Is a lawsuit finally forcing transparency at the Department of Labor?

By: MARK HEMINGWAY
Commentary Staff Writer
Washington Examiner
11/30/09

After stonewalling several attempts at transparency, a lawsuit and a some much-deserved public shaming may finally be spurring the Department of Labor to comply with Freedom of Information Act requests. Last week, I noted that the National Right to Work Legal Defense Foundation had filed a lawsuit with the U.S. District Court because the Department of Labor had been totally unresponsive to their FOIA attempts to get information about any legal and financial relationships, as well as communications Obama administration labor appointees might have had with union groups.
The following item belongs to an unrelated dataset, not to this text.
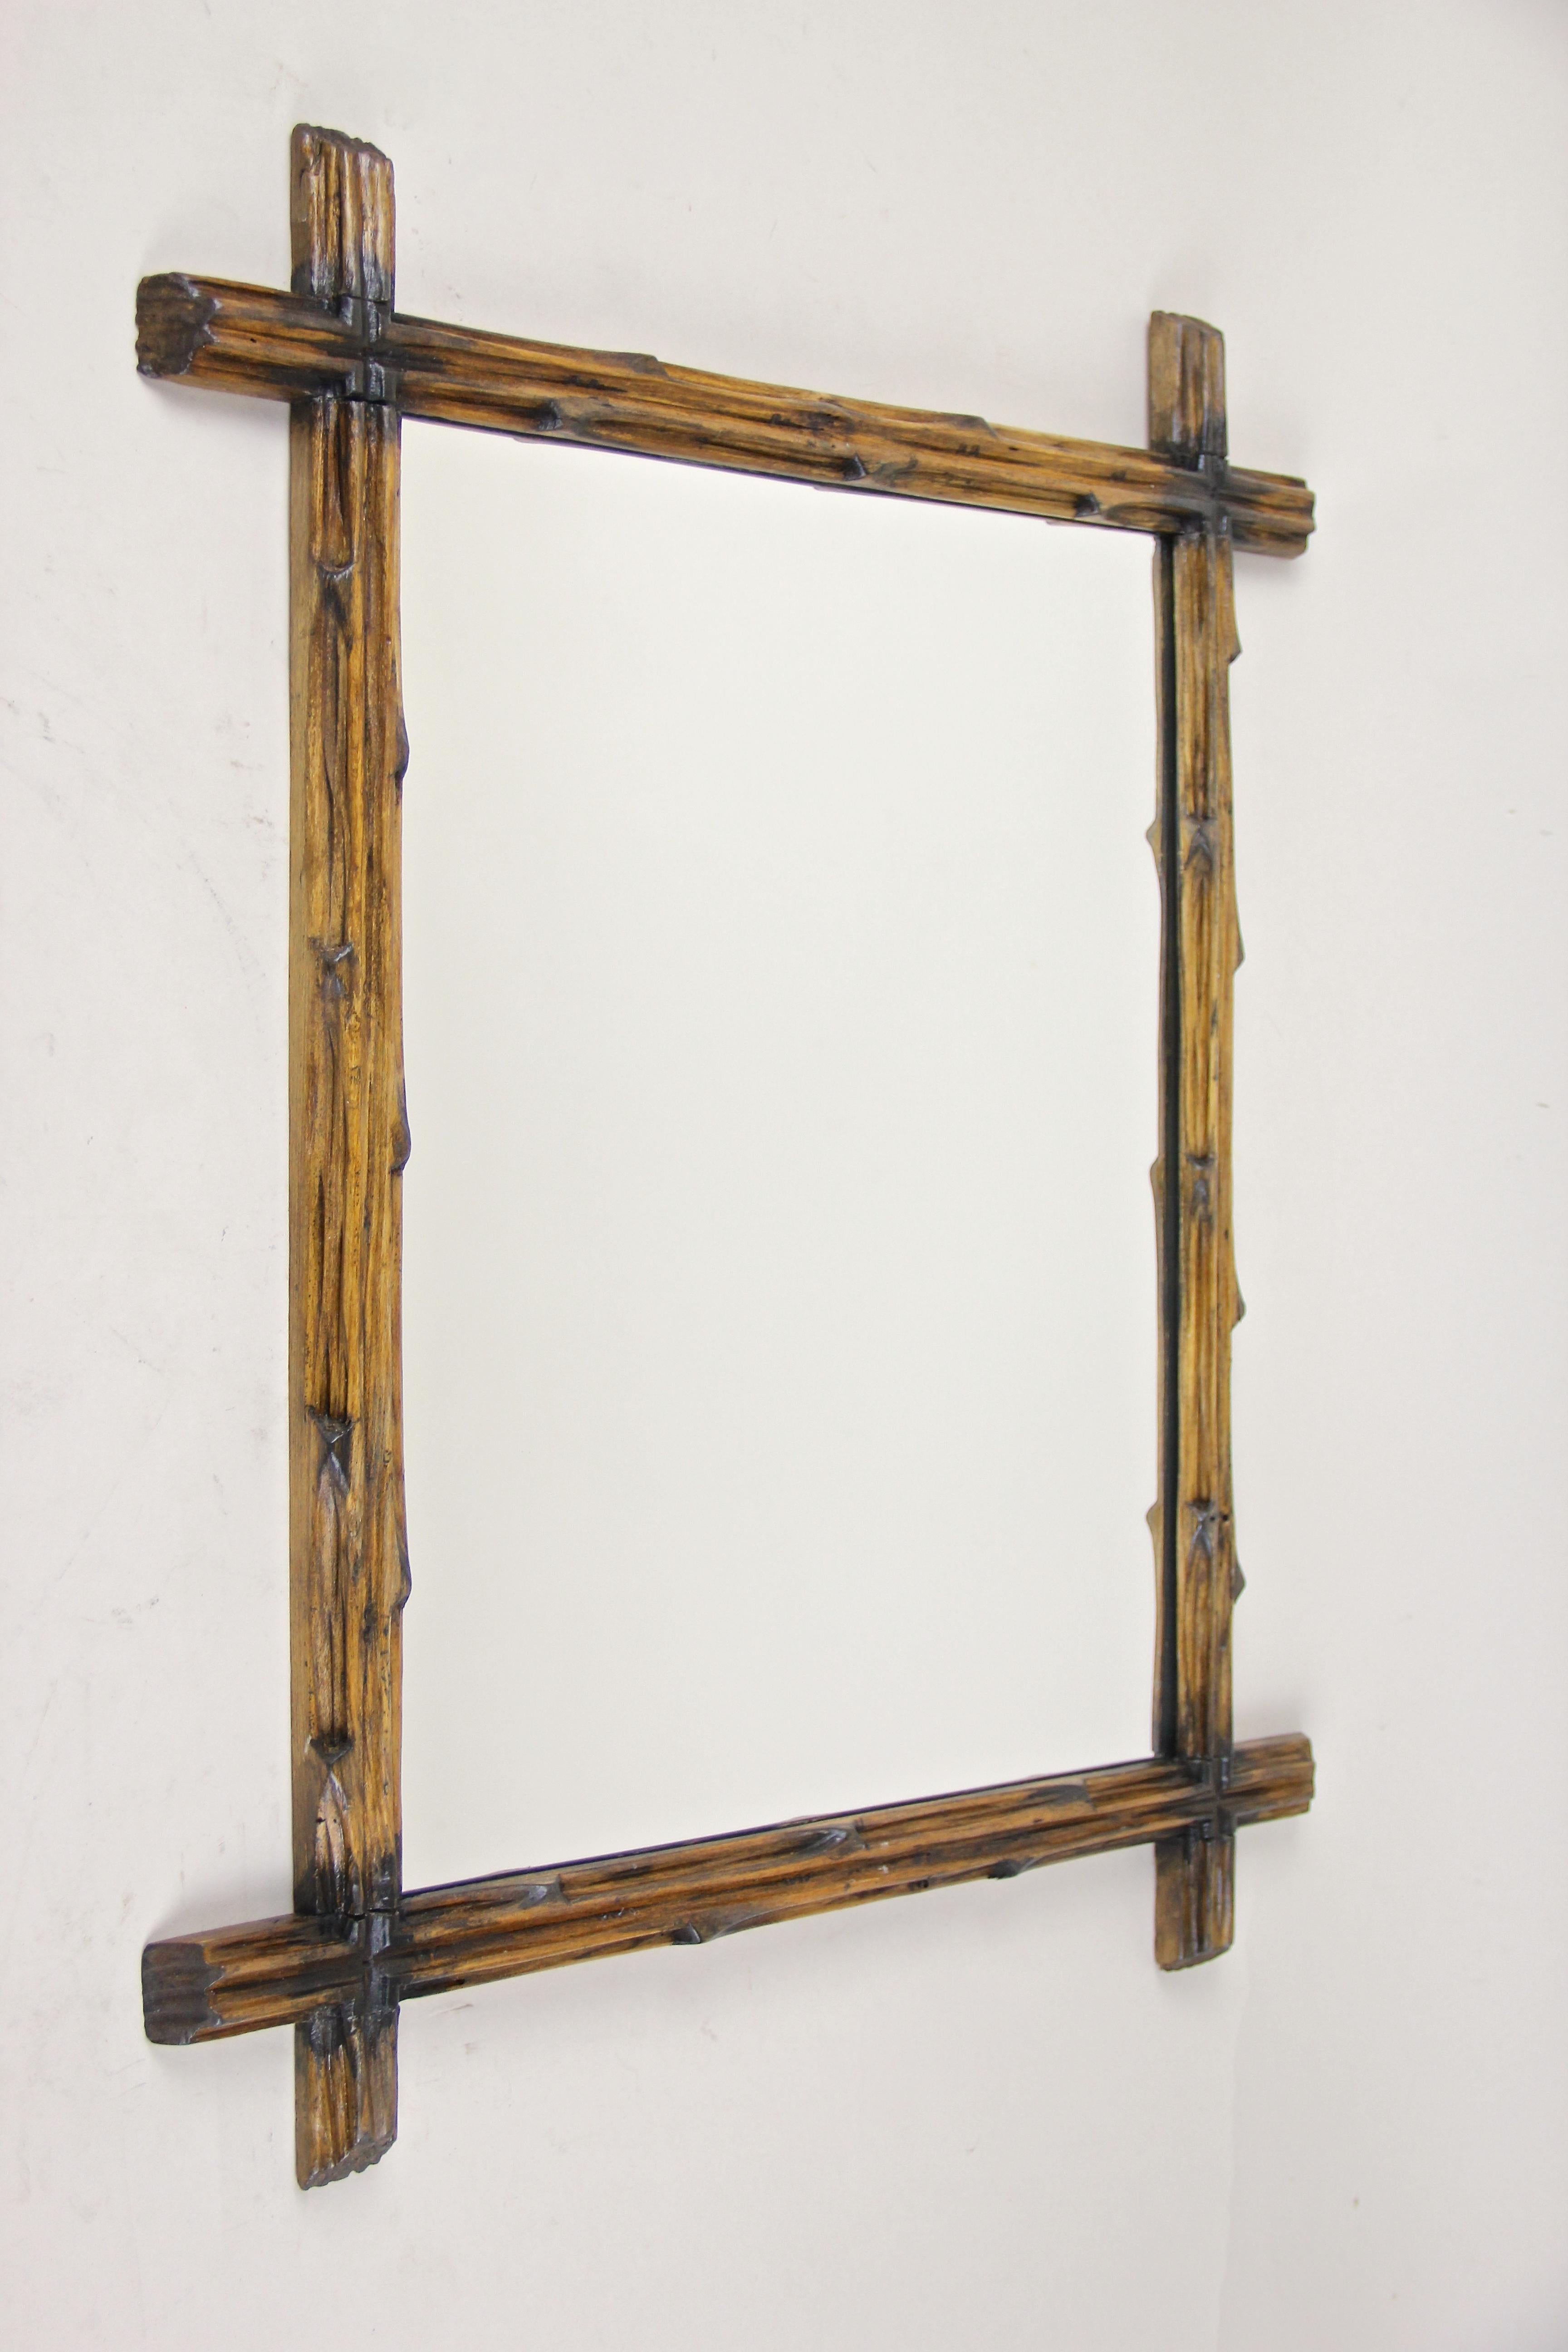 Unusual Rustic Black Forest wall mirror out of Austria. From circa 1890 comes this lovely hand carved black forest wall mirror with a simple but elegant design, created out of basswood and showing the typical

Following that post, a well-placed source just passed on this email:

According to some friends of mine in the Department, the lawsuit over the FOIA request has caused DOL to go nuts. OLMS [Office of Labor-Management Standards] handed the materials to OASAM [Office of the Assistant Secretary for Administration and Management] in May, and followed up with them in September. Yesterday and today, this was the subject of their daily huddle. The Executive offices are in a tizzy and freaking out.

Apparently, there are thousands of pages of documents that they are sorting through. Also, they apparently didn’t think that there was any value to responding until it hit the courts and the media.

Just thought you’d like to know what I have been hearing.

Well, guess what! The FOIA request has hit the courts and the media. They’d better get cracking on that FOIA request. The taxpayers have a right to know whether the Department of Labor is in the pocket of Big Unions.